I might have gone to my parents if I had been encouraged in any way to consult them when I was in trouble. Instead, it was made clear to me that I wasn’t to bother them with my life issues because they were too busy to view me as anything other than an irritating burden. I was always made to feel like I was not merely the lowest priority in their lives, I has zero priority, a null set, and therefore there was no logically possible condition in which I would matter.

It occurs to me that this attitude of pathetic need for nurturing probably contributed to people’s not wanting to deal with me. Especially when combined with my precocious and unpredictable intelligence. I have talked before in this space about the mixed messages I put out. A powerful mind, especially one like mine that sees through the social illusions and mental grooves that limit most people’s reality, sends a very strong message of power. In my case, it apparently comes off me in waves like being next to a power substation. And yet, this attitude of entreaty and eagerness to please sends an (at least) equally powerful message of being lower status than everyone I meet.

And when the human brain processes those kinds of messages,  power but not status, the emotional output of that process is “bad alpha”, and we HATE incompetent alphas.

So what I need to do to move forward is to change the message I am putting out into the world. I have to stop being the sad dog that wags his tail whenever anyone even looks in his direction and find a way to be someone people can respect.

Note, I do not mean by this to say I am planning to change who I am. Just that I need to change how I come across if I want to get closer to people without creeping them out.

We will take the need for improvements in personal grooming and care as a given.
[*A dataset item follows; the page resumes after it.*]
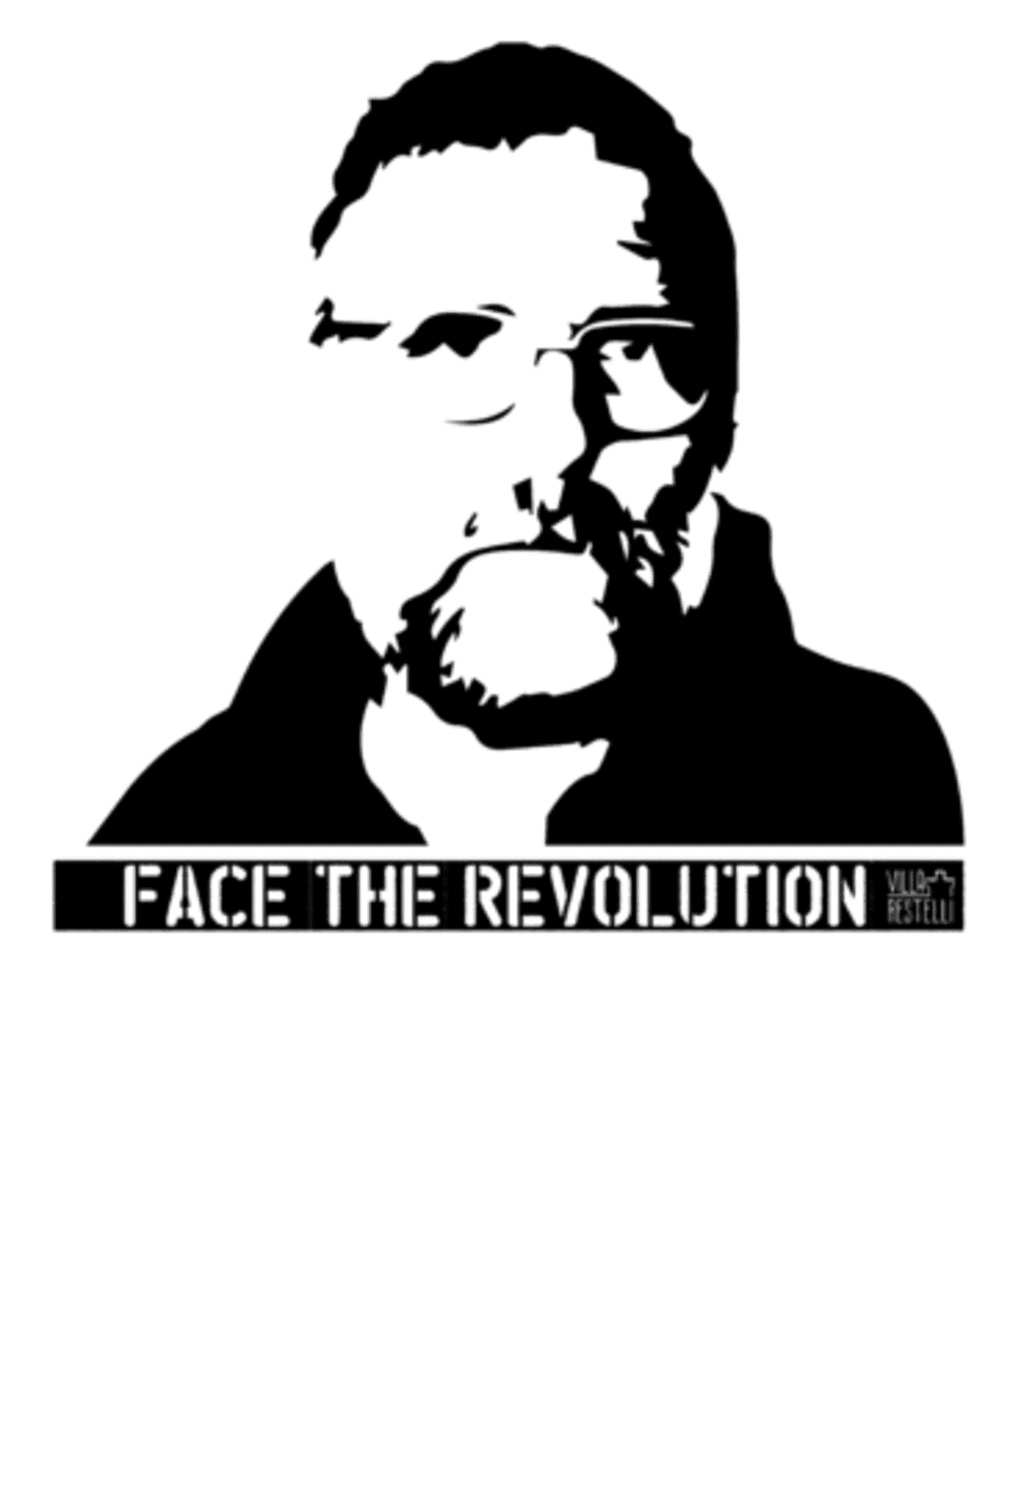 *FACE THE REVOLUTION* - Padre Paolo Dall’Oglio

The voyage to a less pathetic me has to begin with the ability to imagine the destination, and I am not there yet. I have no idea what a more respectable me would be like. I have been the sad version of me for so long.

The lack of employability and resulting low income lifestyle had done a number on me as well. I hope to correct that via my VFS education and my natural abilities, but that’s six months away and I would kind of like to feel good about myself before then.

Besides, when I am hustling for a job out there in Entertainment Land, an air of pathetic neediness will not serve me well.

Without a clear vision of the version of me I want to project into the world, I will have to kind of feel my way around till something occurs to me.

Certainly, I need to lose (or at least, conceal) the feelings of hopelessness and uselessness. I am not as incompetent as I often feel. It’s true that I have difficulties in doing some things, but that’s due to factors beyond my control. It in no way attaches to me as a person, any more than my eye color or my allergies.

Another thing that has to go is the desperate longing for positive attention. People inherently avoid people like that. It’s cruel but understandable. People around someone who is nakedly needy makes people uncomfortable because it feels like said person is asking for far more than you would normally give in social circumstances.

So I have to come across as more self-contained. And yet, at the same time, I can’t come across as closed off and aloof. It would be very easy for me to go into that mode. It feels like it’s the next setting on my personality controls. I am already prone to isolating myself and doing my own thing. Why not turn that into an asset?

Because I would come across as a total penis, that’s why. Plus, my warm personality is the power core of my charisma and I would be a fool to cut myself off from that powerful an asset. I can be downright magnetic when I have my head right.

The trick is to get my head right.

I’m working on it.

I will talk to you nice people again tomorrow.